The opposite phenomenon can be observed in high-tax states. The data show large inflows of taxpayers into high-tax states. From 2015 through 2022, California had inflows of 3 million individuals and New York had inflows of 1.9 million. Most of those inflows were from states with lower or zero tax rates.

The gross inflow and outflow shown in the figure tell us that state income taxes are only a small part of relocation decisions in the aggregate.

Putting it all together, the net inflow data in Table 1 shows that state income taxes affect migration patterns. But the gross inflow and outflow shown in the figure tell us that state income taxes are only a small part of relocation decisions in the aggregate. Those results are consistent with a 2011 study that found that while some high-income earners move to states with lower taxes, the overall effect of tax rates on migration is relatively small. (Cristobal Young and Charles Varner, “Millionaire Migration and State Taxation of Top Incomes: Evidence From a Natural Experiment,” Nat’l Tax J. 255 (June 2011).)

More Perspective

The attention-grabbing numbers in Table 1 are from the four most populous states — California, Texas, Florida, and New York — which by chance are among the states with the highest and lowest tax rates. The effects of taxes on net migrations are pronounced, but are they large in proportion to the size of these states? Table 2 expresses net migration of states as a proportion of the total population of individuals to tax returns in each state.
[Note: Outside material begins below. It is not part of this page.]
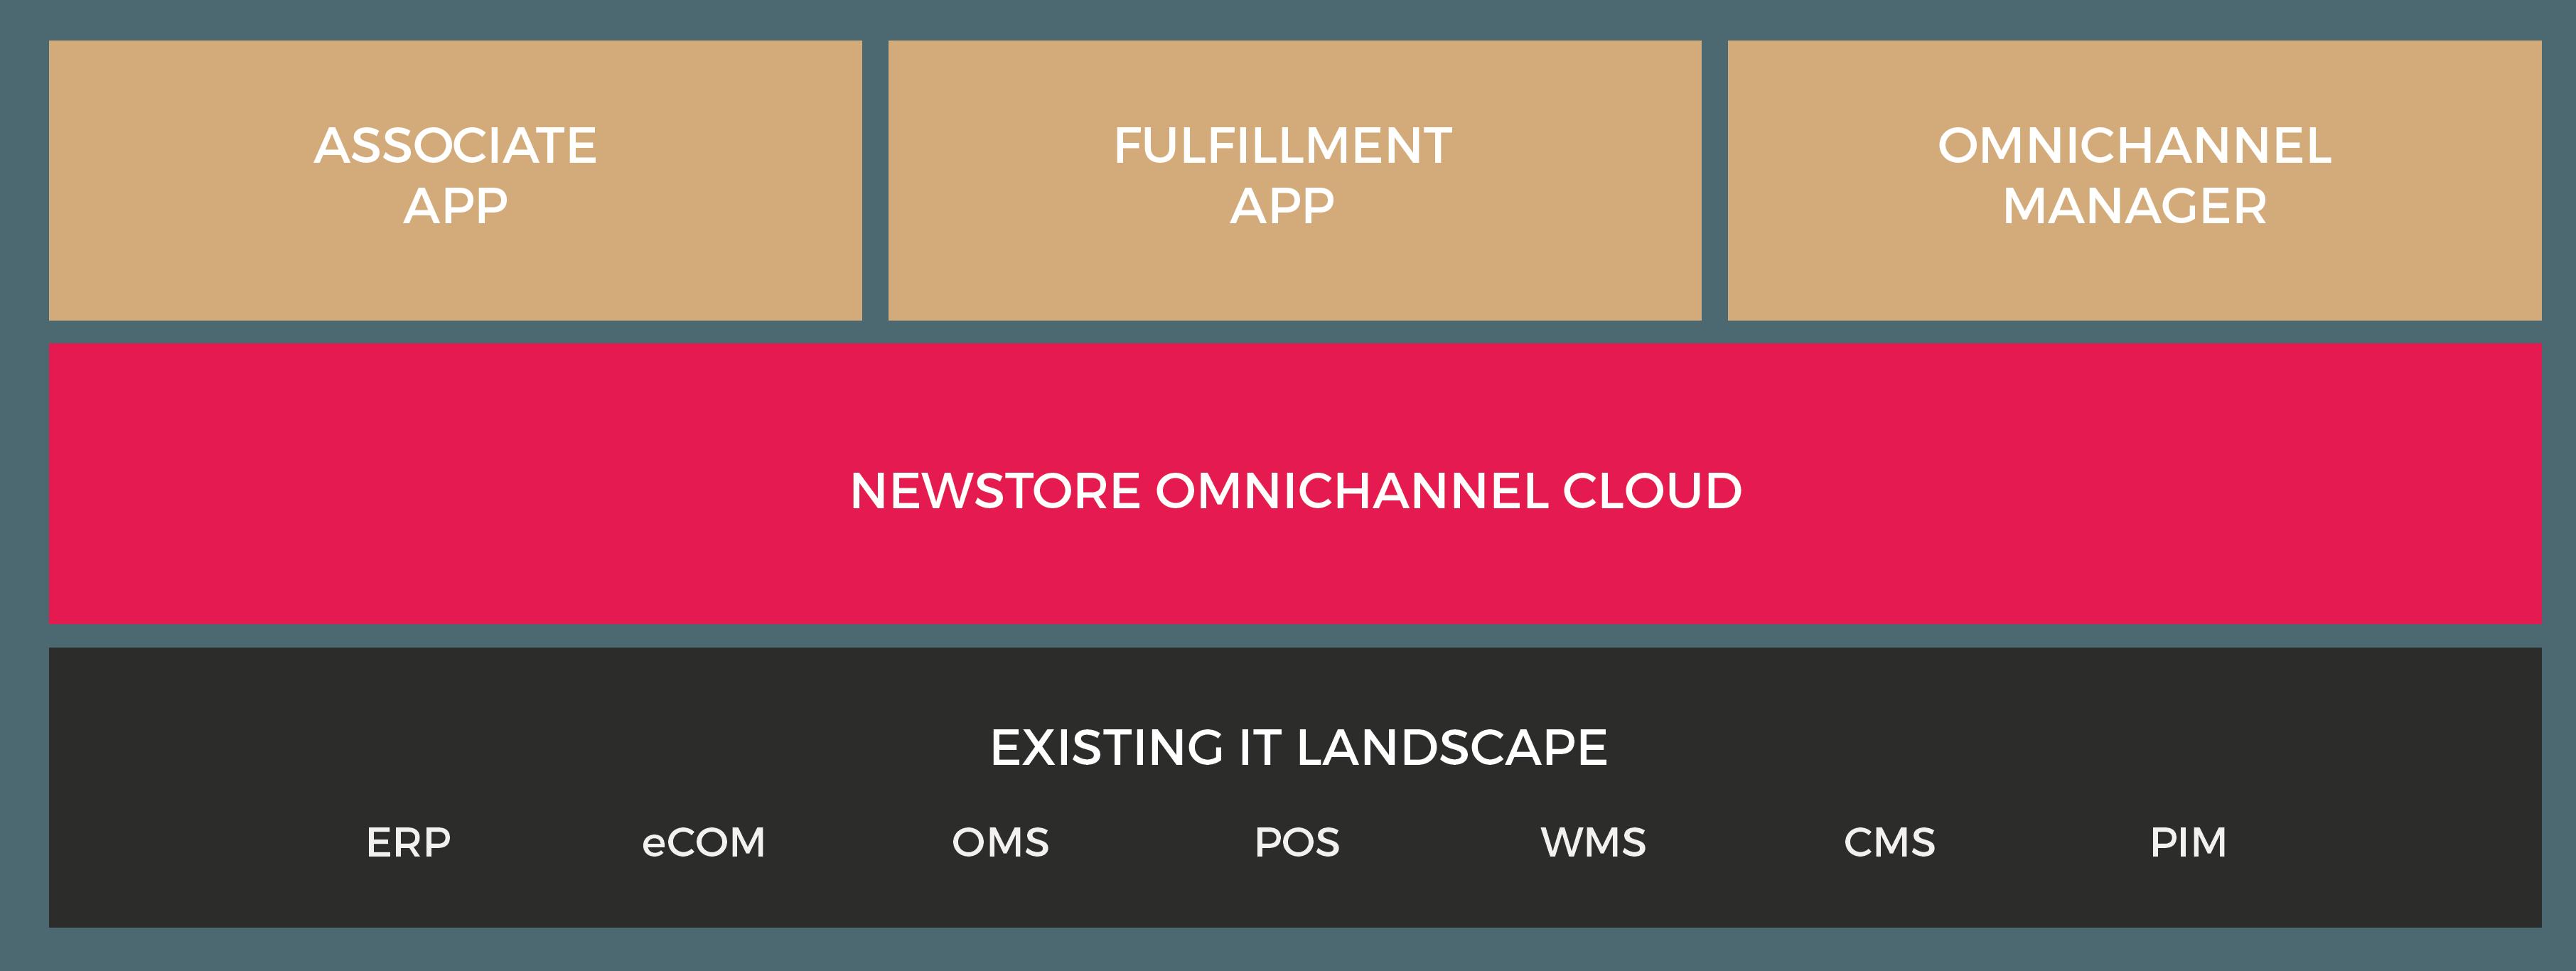 PlatformPage_Infographic-cropped

Table 2 offers a better perspective on how state income taxes affect net migration. While some states with low tax rates — like Florida and Nevada — still receive a considerable amount of inward net migration relative to their populations, their inflows relative to their sizes are not out of line with states that have significant income tax rates, like South Carolina and Idaho. On the right-hand side of Table 2, we see that high-tax jurisdictions — like the District of Columbia and New York — suffer their share of migration outflows, but so do low-tax states like North Dakota and Louisiana.

But contrary to the theory of fiscal federalism, three states with low tax rates have net outward migration by households with AGI that exceeds $200,000.

In Table 3 we further explore the available data for evidence of relationships between state individual income tax rates and migration. First, we focus exclusively on the migration of individuals with federal tax returns with more than $200,000 of adjusted gross income. At the top of the table, we can see that states with no income taxes all have net inward migration. But contrary to the theory of fiscal federalism, three states with low rates have net outward migration by households with AGI that exceeds $200,000. Table 3 shows that several states — Oregon and Vermont, for example — on net attract high-income taxpayers despite high income tax rates.


In Table 3 we also compare net migration rates of high-income taxpayers (AGI over 200,000) and lower-income taxpayers (AGI between $25,000 and $50,000). Our expectation is that the top tax rates shown in the table would have a greater effect on the migration behavior of high-income taxpayers. For example, we see that for income over $200,000, Florida has a net inward immigration rate of 3.7 percent. That is much larger than the 0.6 percent rate for low-income households, strongly suggesting that taxes matter in deciding to move to or from Florida.

For high tax-rate states we expect the opposite, and we do observe that, for example, in New Jersey, where high-income taxpayers on net leave the state at a high rate (0.6 percent) relative to low-income taxpayers (0.4 percent). But the expected pattern isn’t always present. For example, in South Carolina and Maine, the net inward migration rate is larger for high-income than low-income taxpayers, despite the relatively high tax rates in those states.

For those seeking clear answers, might we suggest that you can’t escape the complexity of reality? (That’s for politicians and ideologues.) What is the role of state income tax in individuals’ location decisions? Like so many things affected by tax, it seems that interstate migration is sometimes affected by state income taxes, but it’s usually just on the margin.